## The data

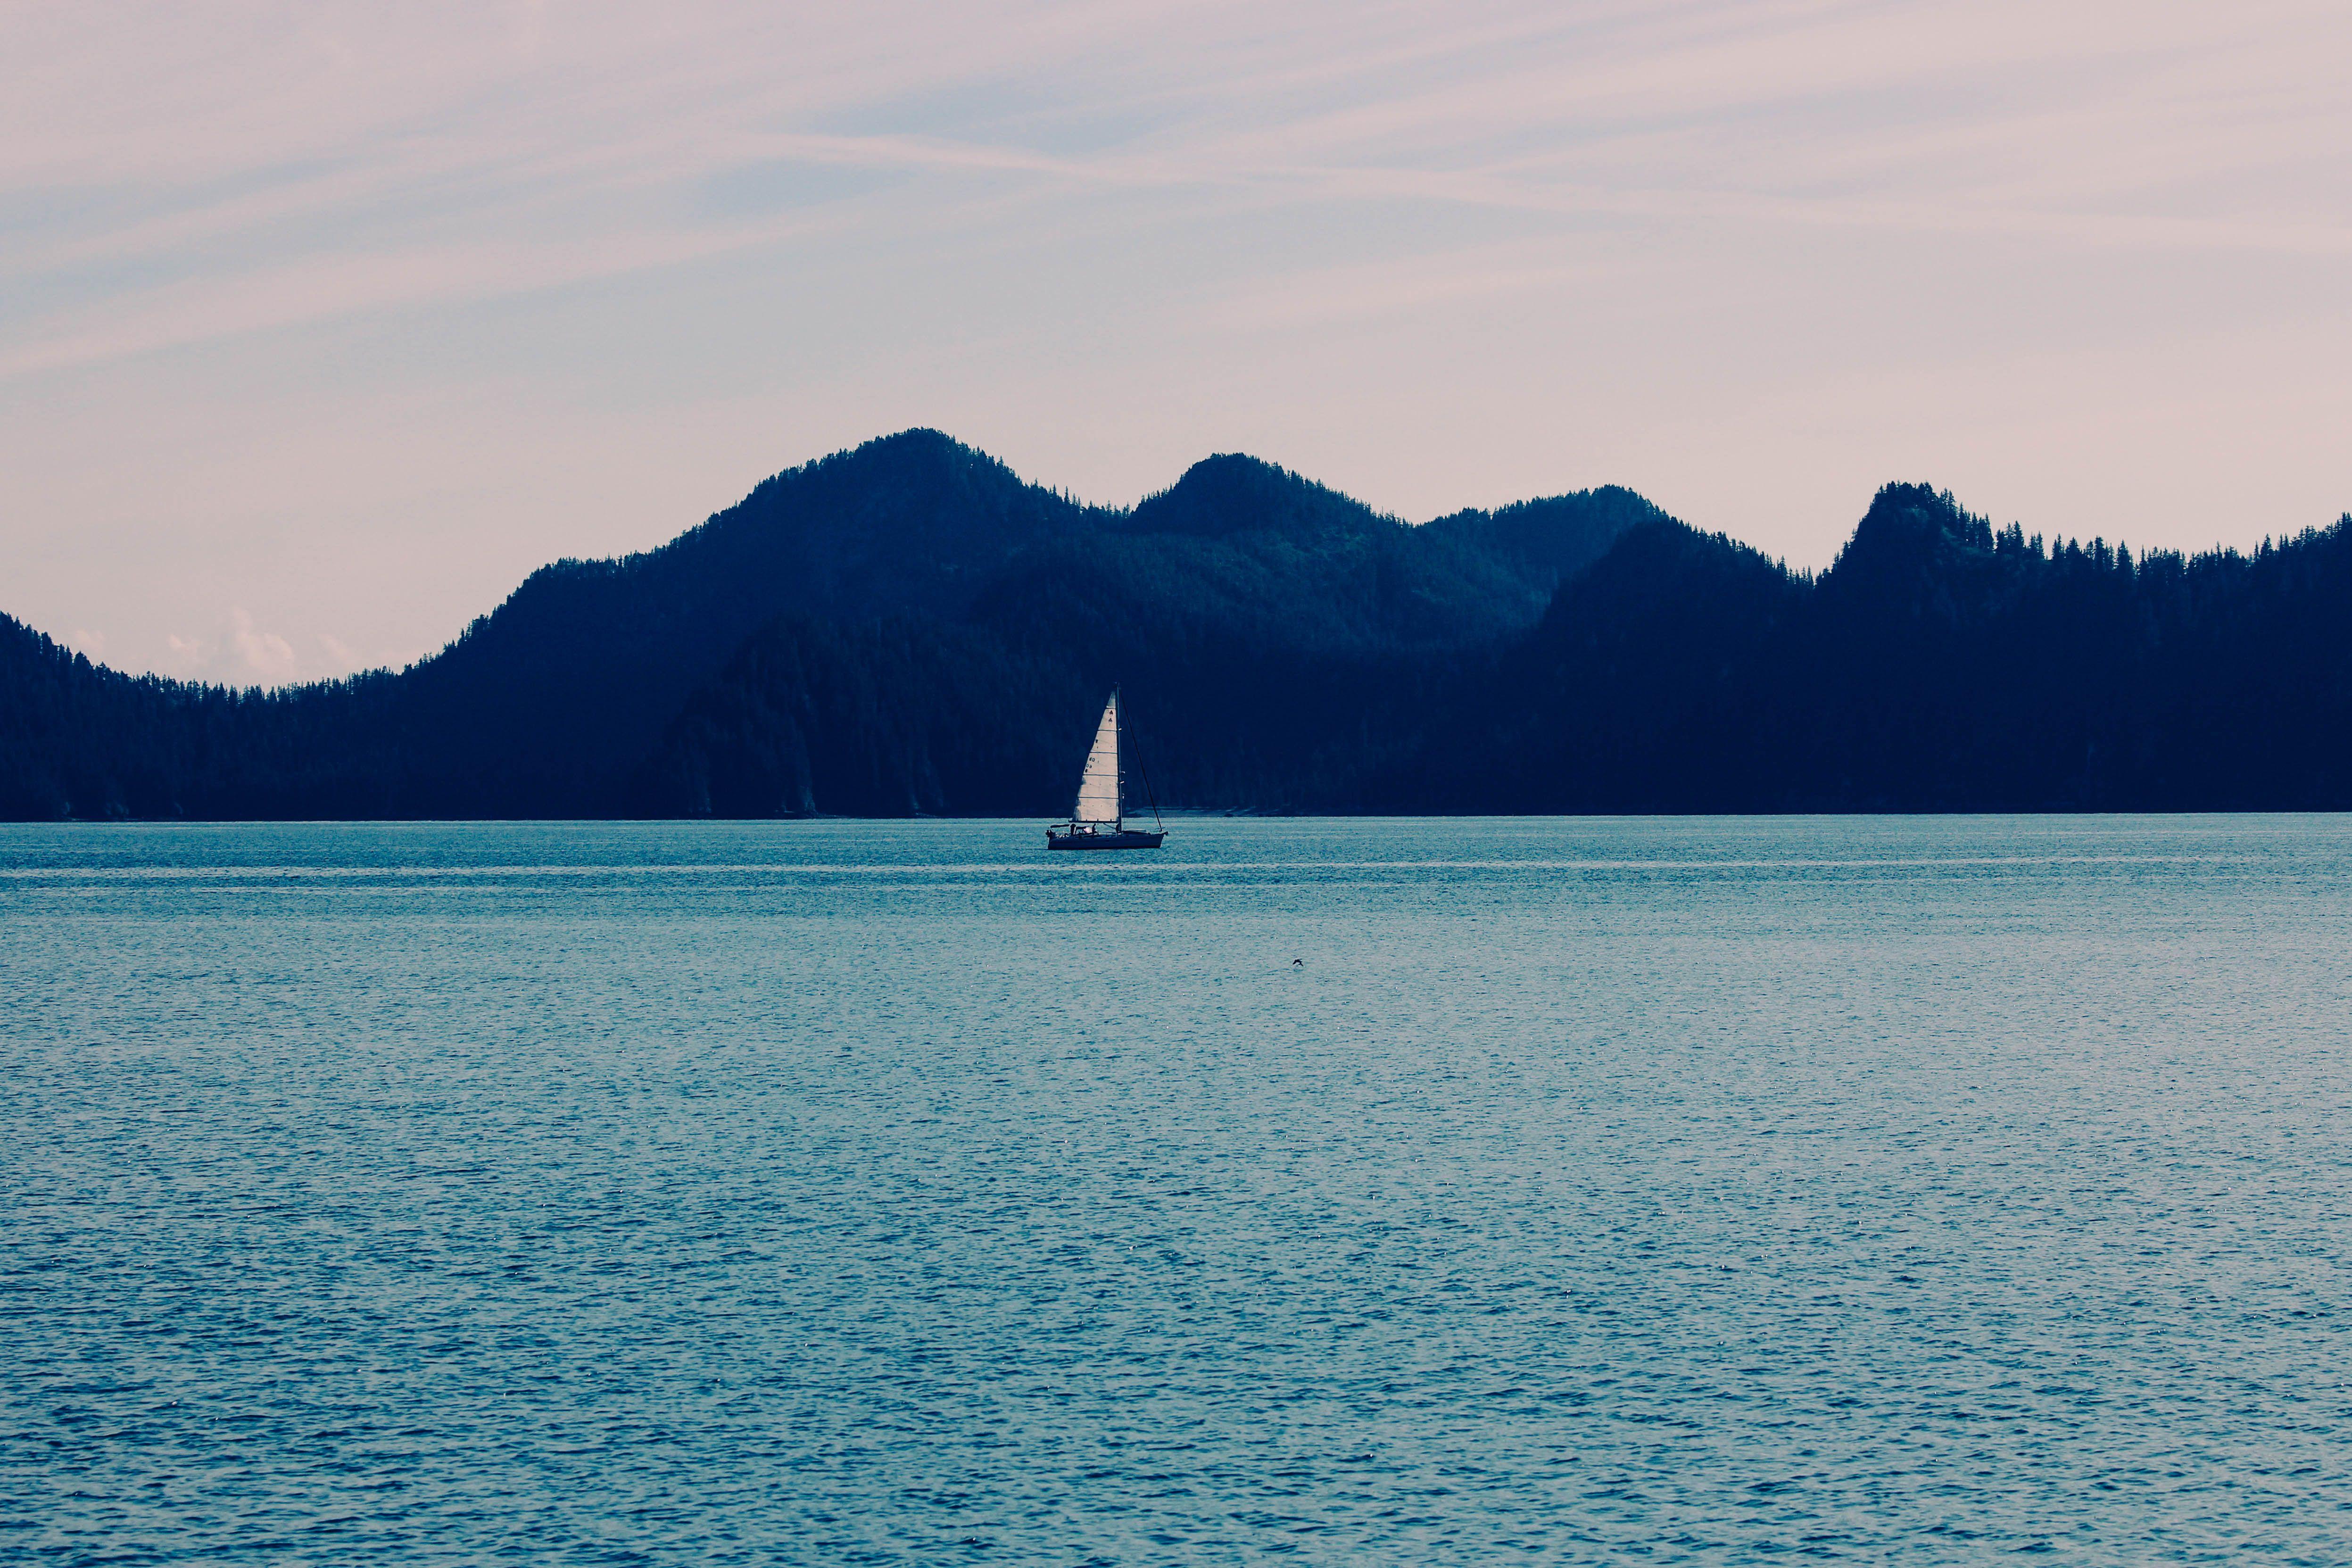 #alaska #seward Off a wildlife cruise
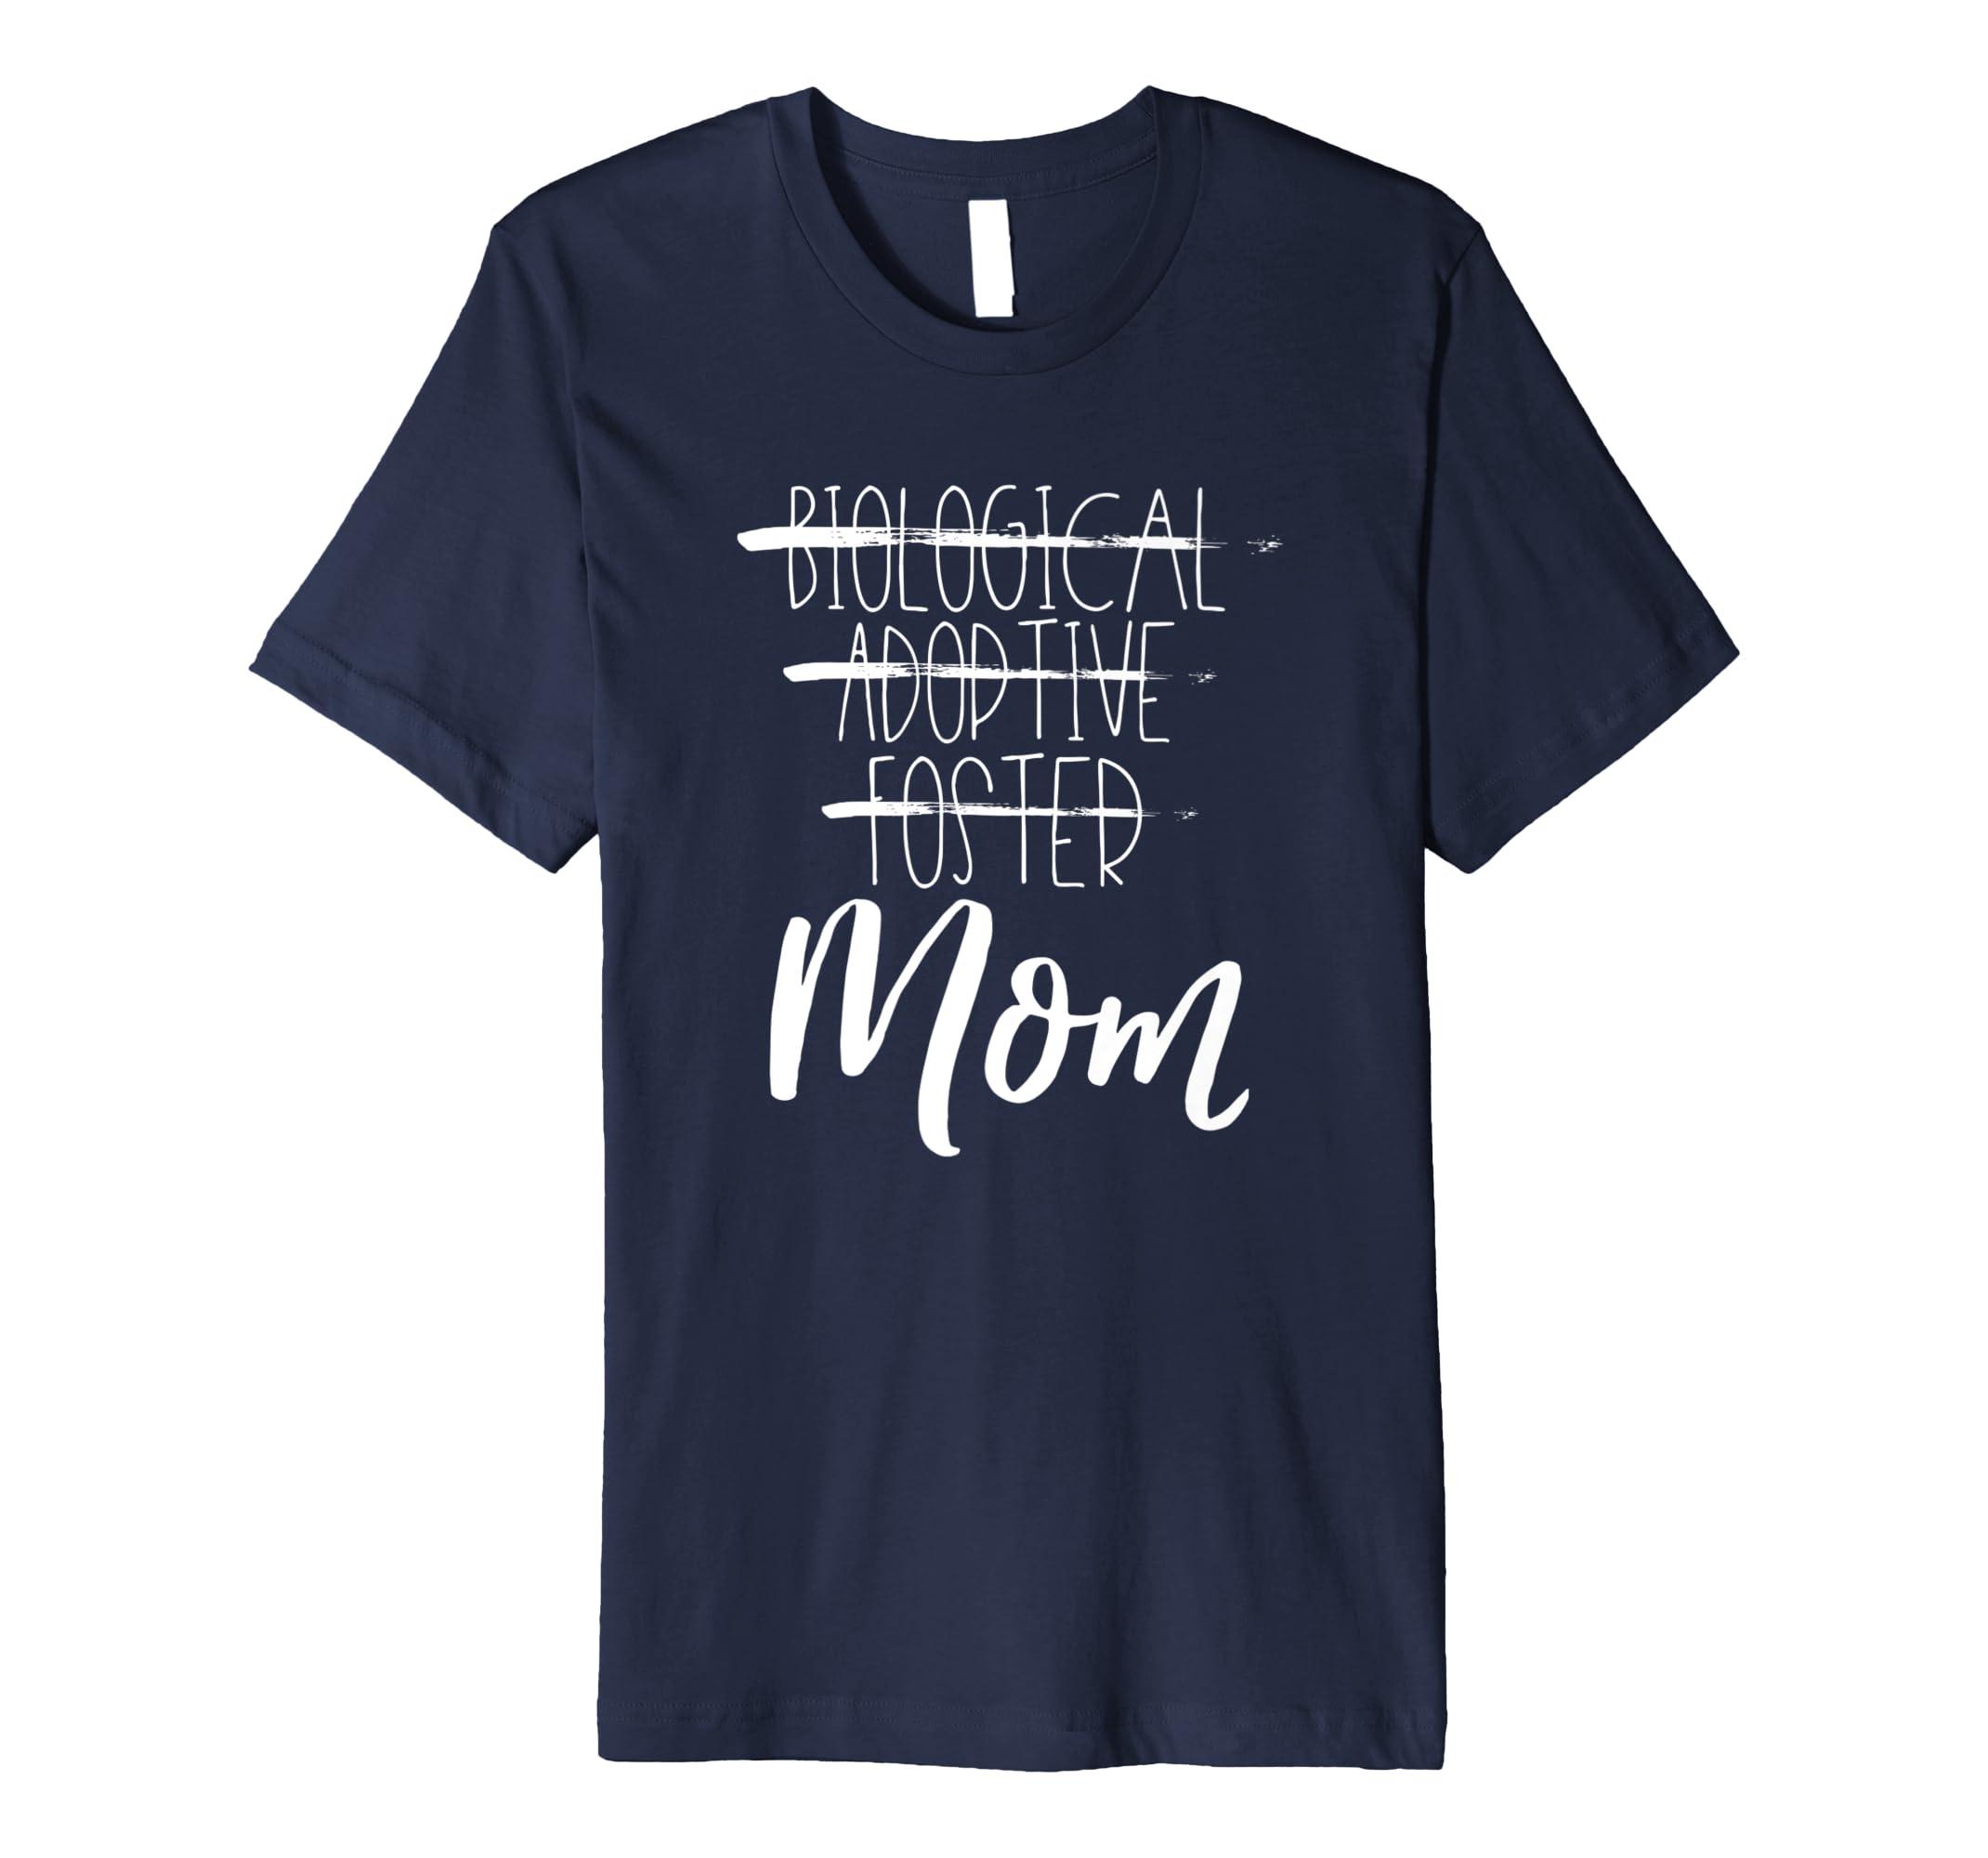 Not Biological Adoptive Foster Just Mom Shirt Adoption Love-Teechatpro
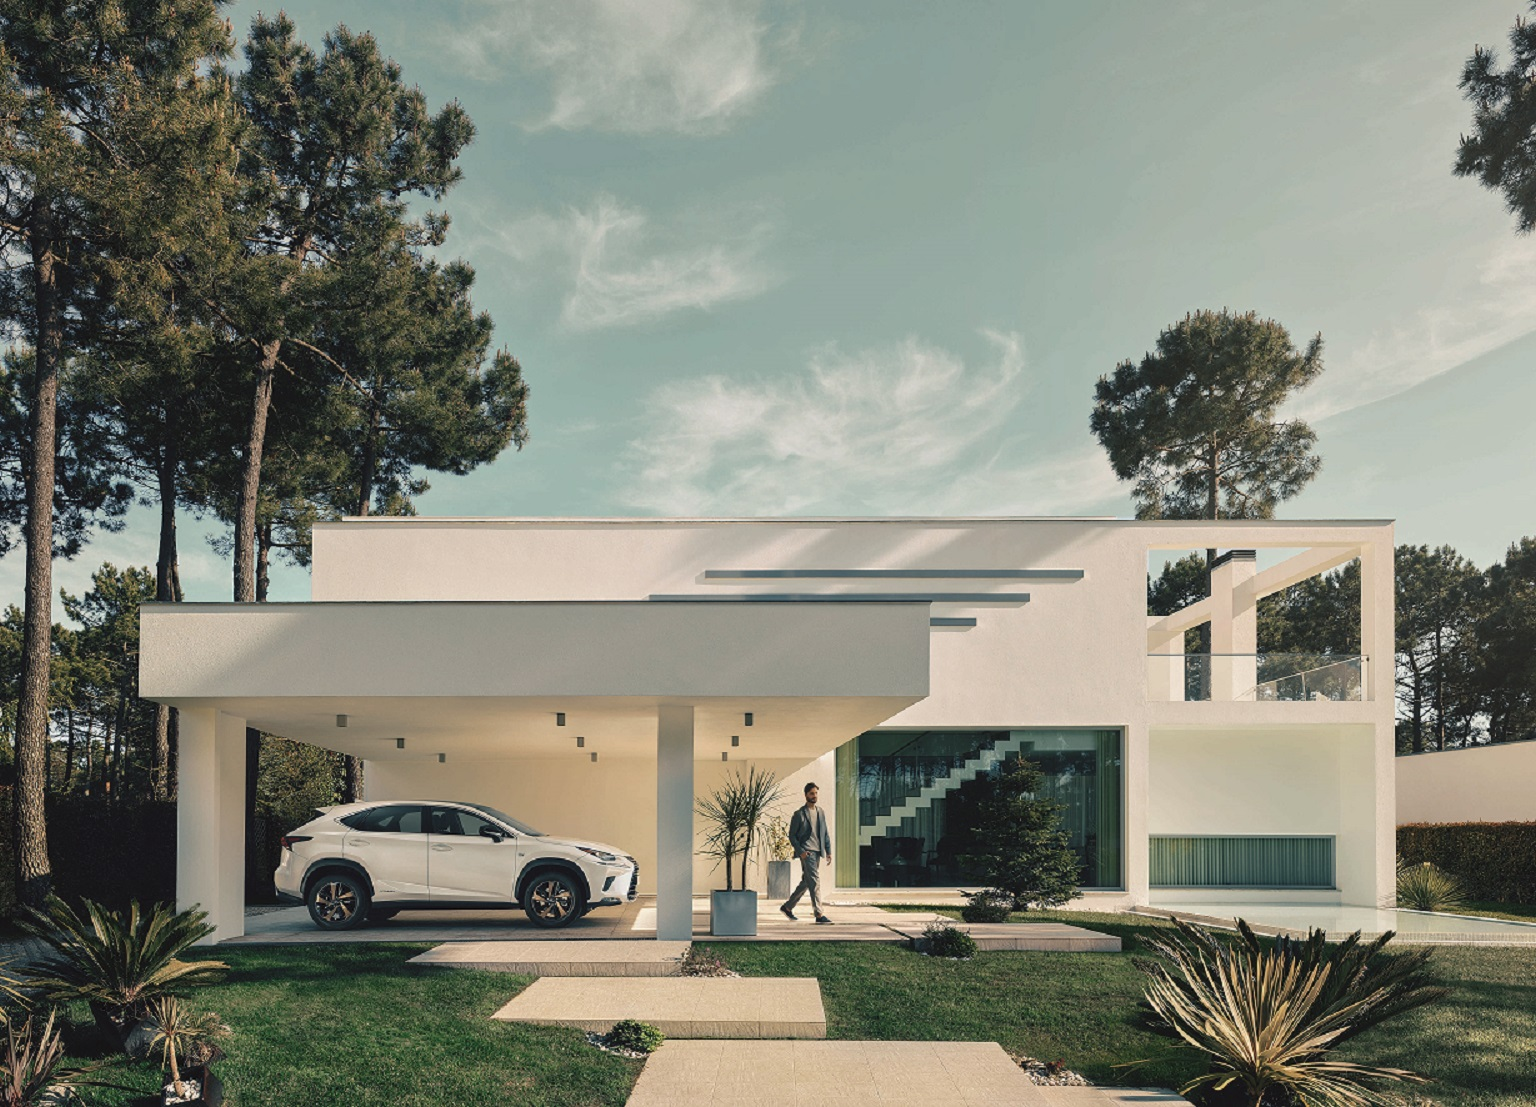 2018 Lexus NX House Side Profile SL

## Work required
Write out the whole listing exactly as it appears, and omit the pictures.

## Expected answer
 #alaska #seward Off a wildlife cruise
 Not Biological Adoptive Foster Just Mom Shirt Adoption Love-Teechatpro
 2018 Lexus NX House Side Profile SL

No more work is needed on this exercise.